Late on a Thursday evening in February 2017, Japanese Prime Minister Shinzo Abe’s plane landed at Andrews Air Force Base in Maryland for his first visit with President Donald Trump. A few hours earlier, the casino magnate Sheldon Adelson’s Boeing 737, which is so large it can seat 149 people, touched down at Reagan National Airport after a flight from Las Vegas.
Adelson dined that night at the White House with Trump, Jared Kushner and Secretary of State Rex Tillerson. Adelson and his wife, Miriam, were among Trump’s biggest benefactors, writing checks for $20 million in the campaign and pitching in an additional $5 million for the inaugural festivities.
Adelson was in town to see the Japanese prime minister about a much greater sum of money. Japan, after years of acrimonious public debate, has legalized casinos. For more than a decade, Adelson and his company, Las Vegas Sands, have sought to build a multibillion-dollar casino resort there. He has called expanding to the country, one of the world’s last major untapped markets, the “holy grail.” Nearly every major casino company in the world is competing to secure one of a limited number of licenses to enter a market worth up to $25 billion per year. “This opportunity won’t come along again, potentially ever,” said Kahlil Philander, an academic who studies the industry.

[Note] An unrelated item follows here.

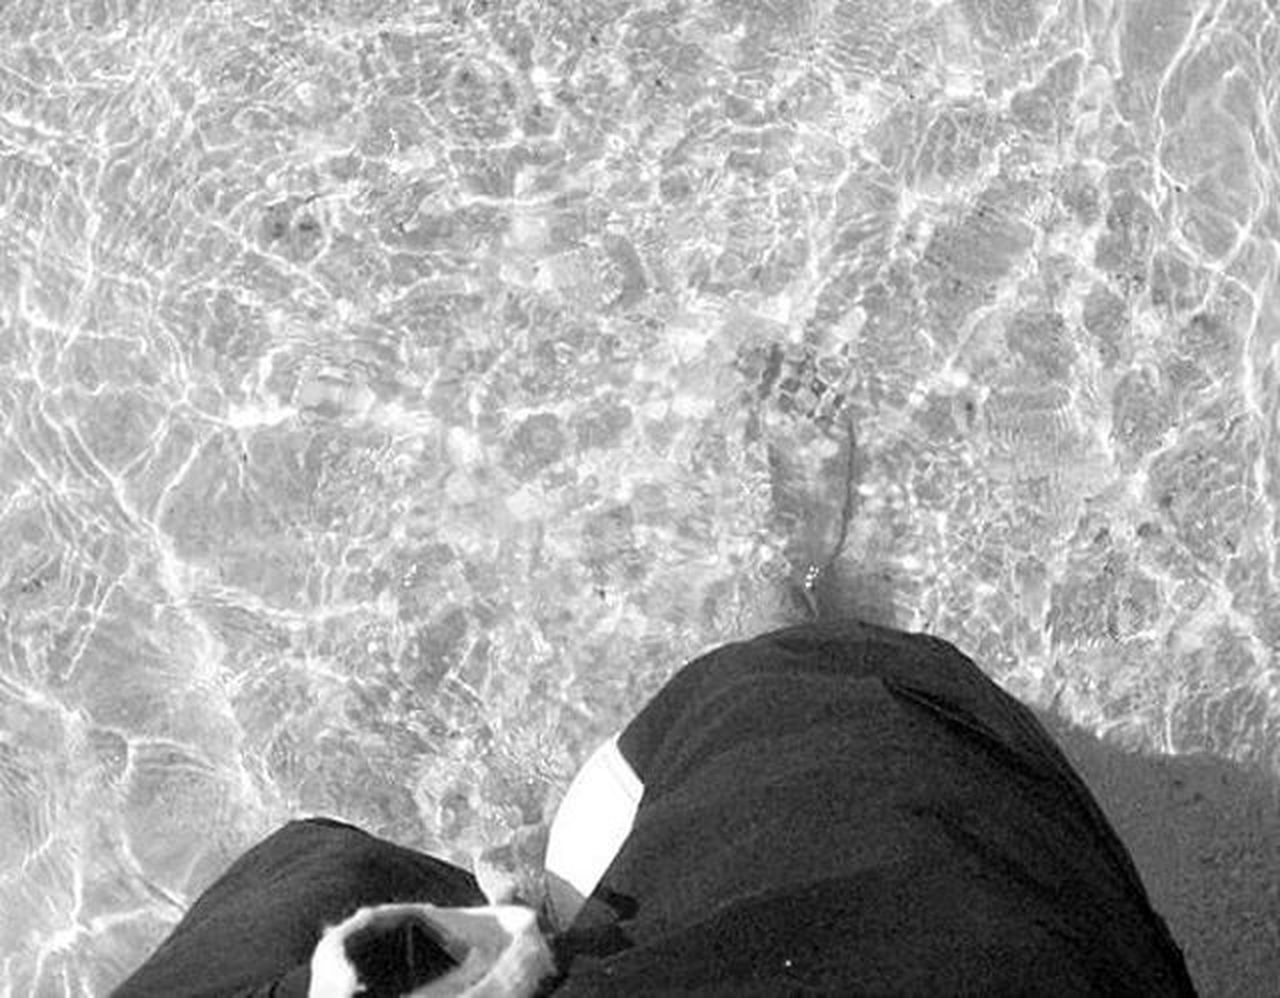 Monkeymia WesternAustralia Australia Mytravelgram Mytrip All_shots F4F Walking Beach Ocean Stepbystep Monochrome Blackandwhite Igersitalia Bw_crew Bw_society Bw_lover Bw_awards Sand Me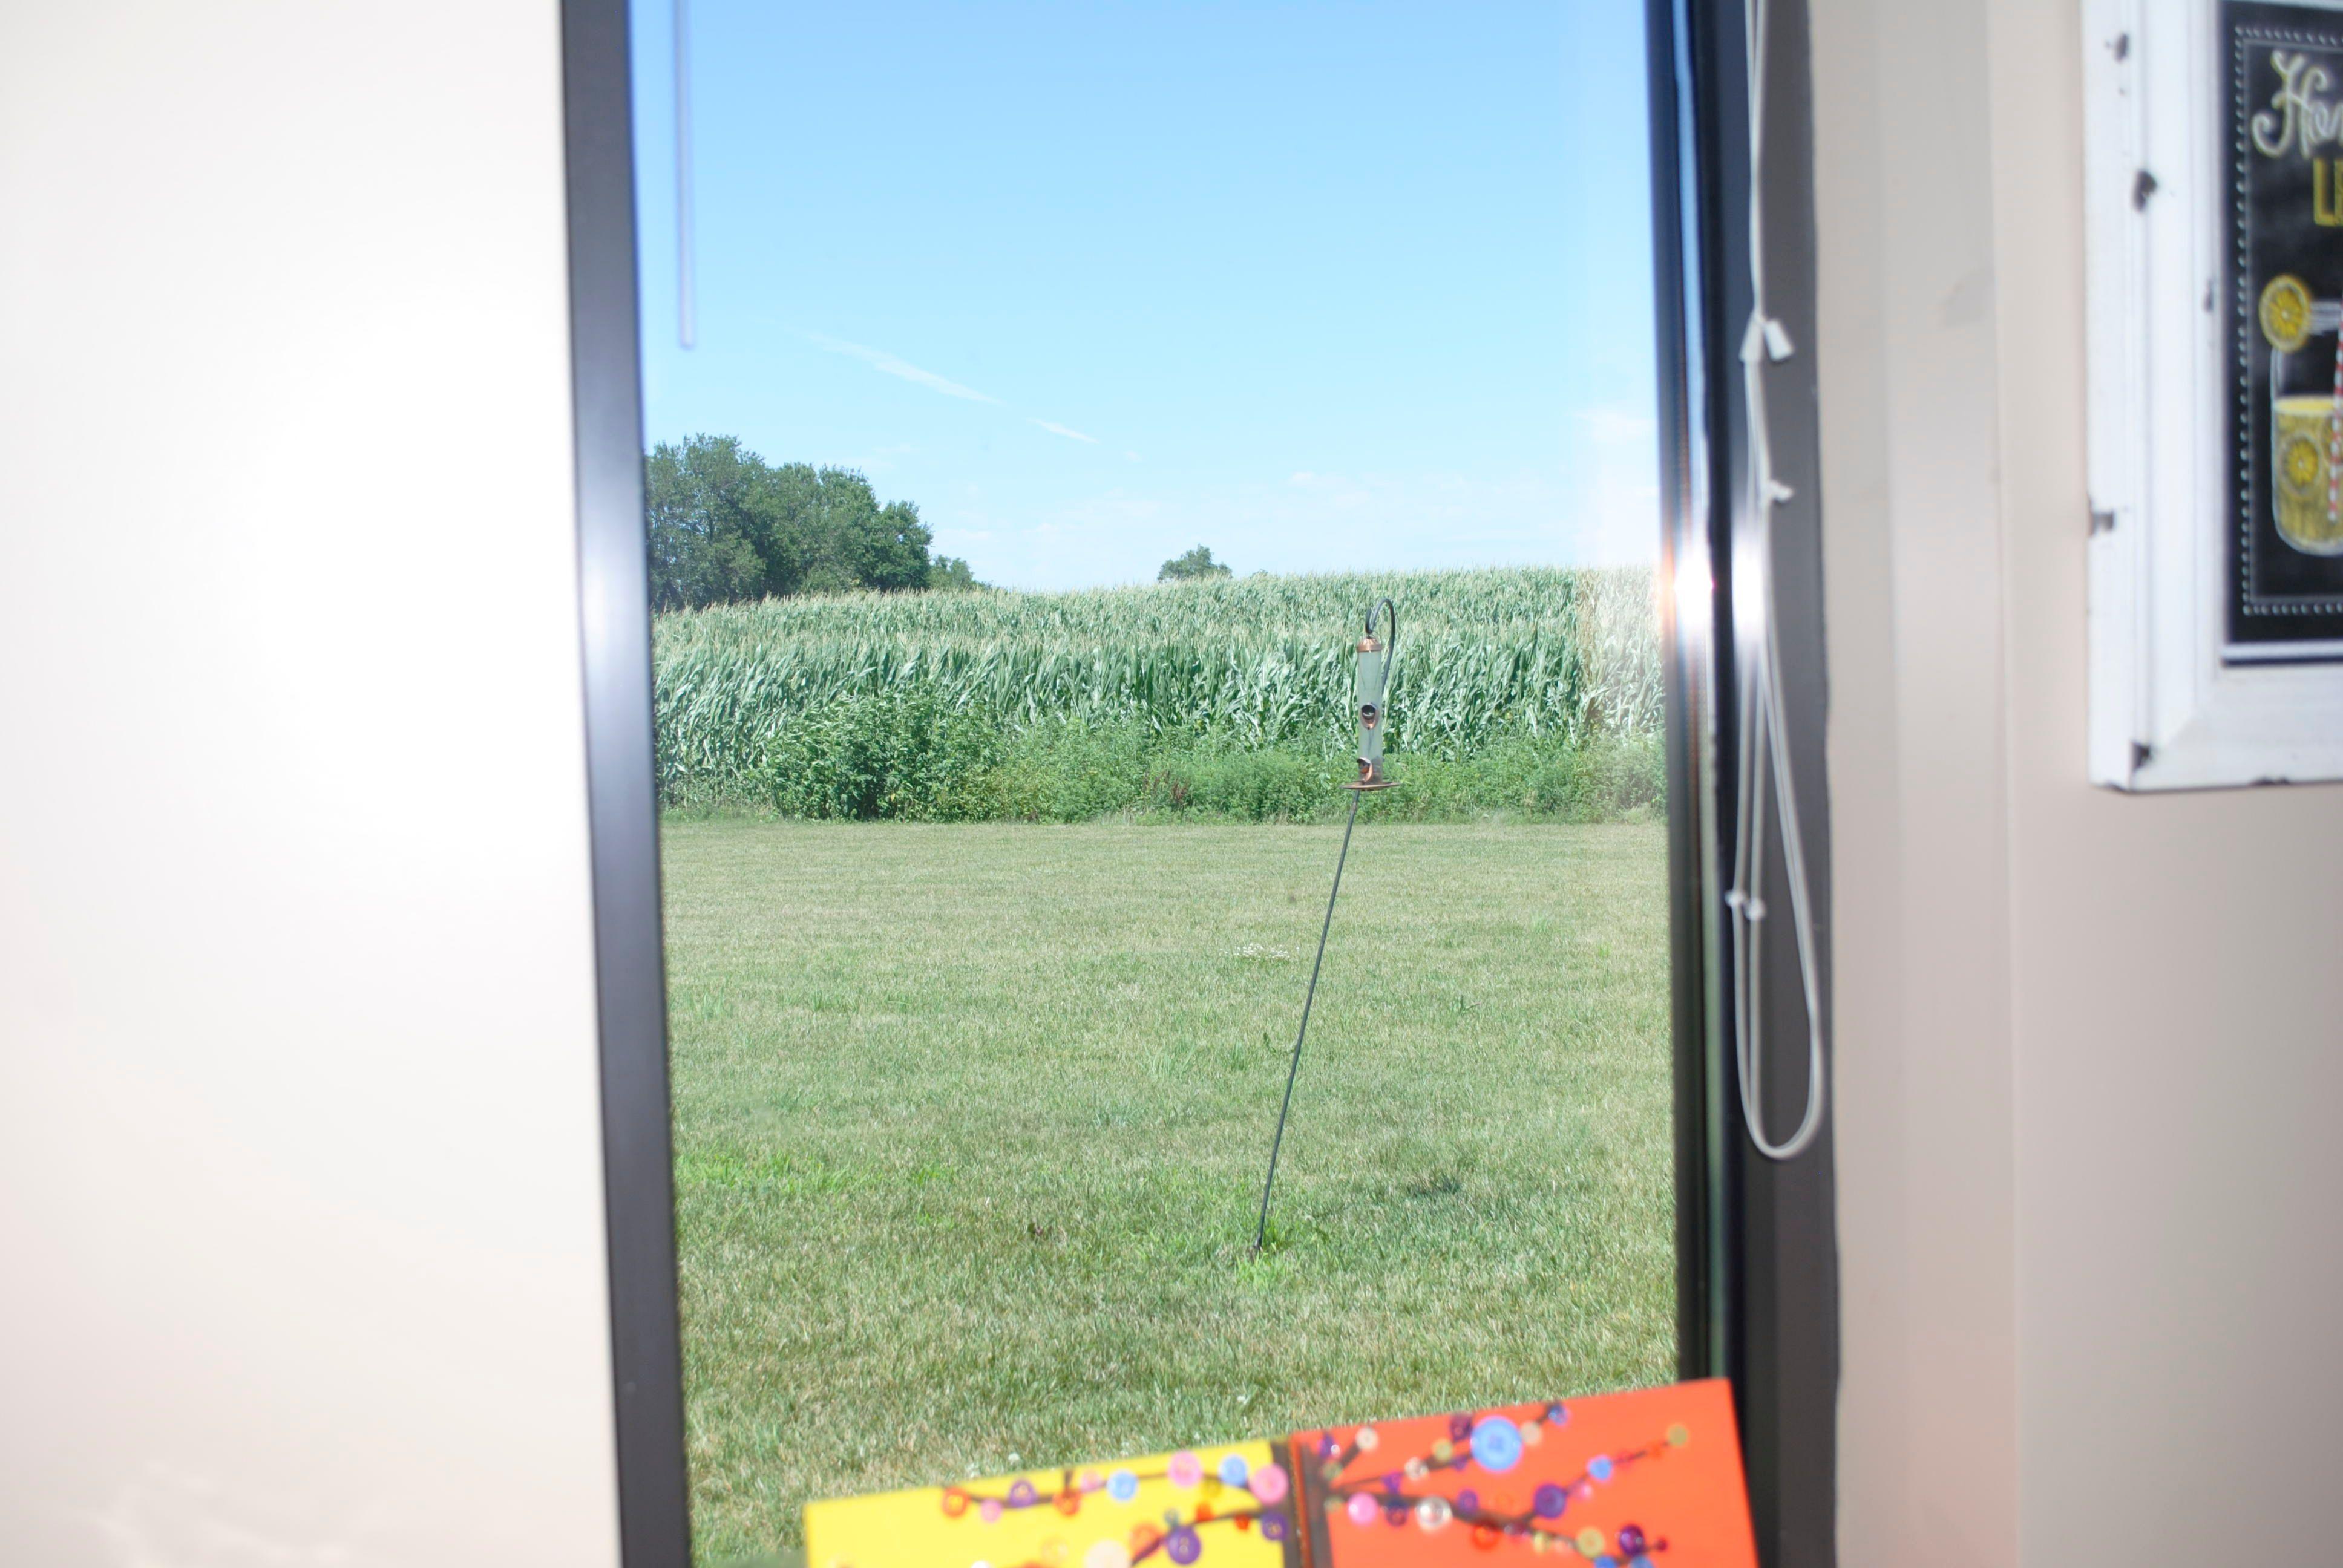 My Window View | Crops

The morning after his White House dinner, Adelson attended a breakfast in Washington with Abe and a small group of American CEOs, including two others from the casino industry. Adelson and the other executives raised the casino issue with Abe, according to an attendee.
Adelson had a potent ally in his quest: the new president of the United States. Following the business breakfast, Abe had a meeting with Trump before boarding Air Force One for a weekend at Mar-a-Lago. The two heads of state dined with Patriots owner Bob Kraft and golfed at Trump National Jupiter Golf Club with the South African golfer Ernie Els. During a meeting at Mar-a-Lago that weekend, Trump raised Adelson’s casino bid to Abe, according to two people briefed on the meeting. The Japanese side was surprised.
“It was totally brought up out of the blue,” according to one of the people briefed on the exchange. “They were a little incredulous that he would be so brazen.” After Trump told Abe he should strongly consider Las Vegas Sands for a license, “Abe didn’t really respond, and said thank you for the information,” this person said.
Trump also mentioned at least one other casino operator. Accounts differ on whether it was MGM or Wynn Resorts, then run by Trump donor and then-Republican National Committee finance chairman Steve Wynn. The Japanese newspaper Nikkei reported the president also mentioned MGM and Abe instructed an aide who was present to jot down the names of both companies. Questioned about the meeting, Abe said in remarks before the Japanese legislature in July that Trump had not passed on requests from casino companies but did not deny that the topic had come up.
The president raising a top donor’s personal business interests directly with a foreign head of state would violate longstanding norms. “That should be nowhere near the agenda of senior officials,” said Brian Harding, a Japan expert at the Center for Strategic and International Studies. “U.S.-Japan relations is about the security of the Asia-Pacific, China and economic issues.”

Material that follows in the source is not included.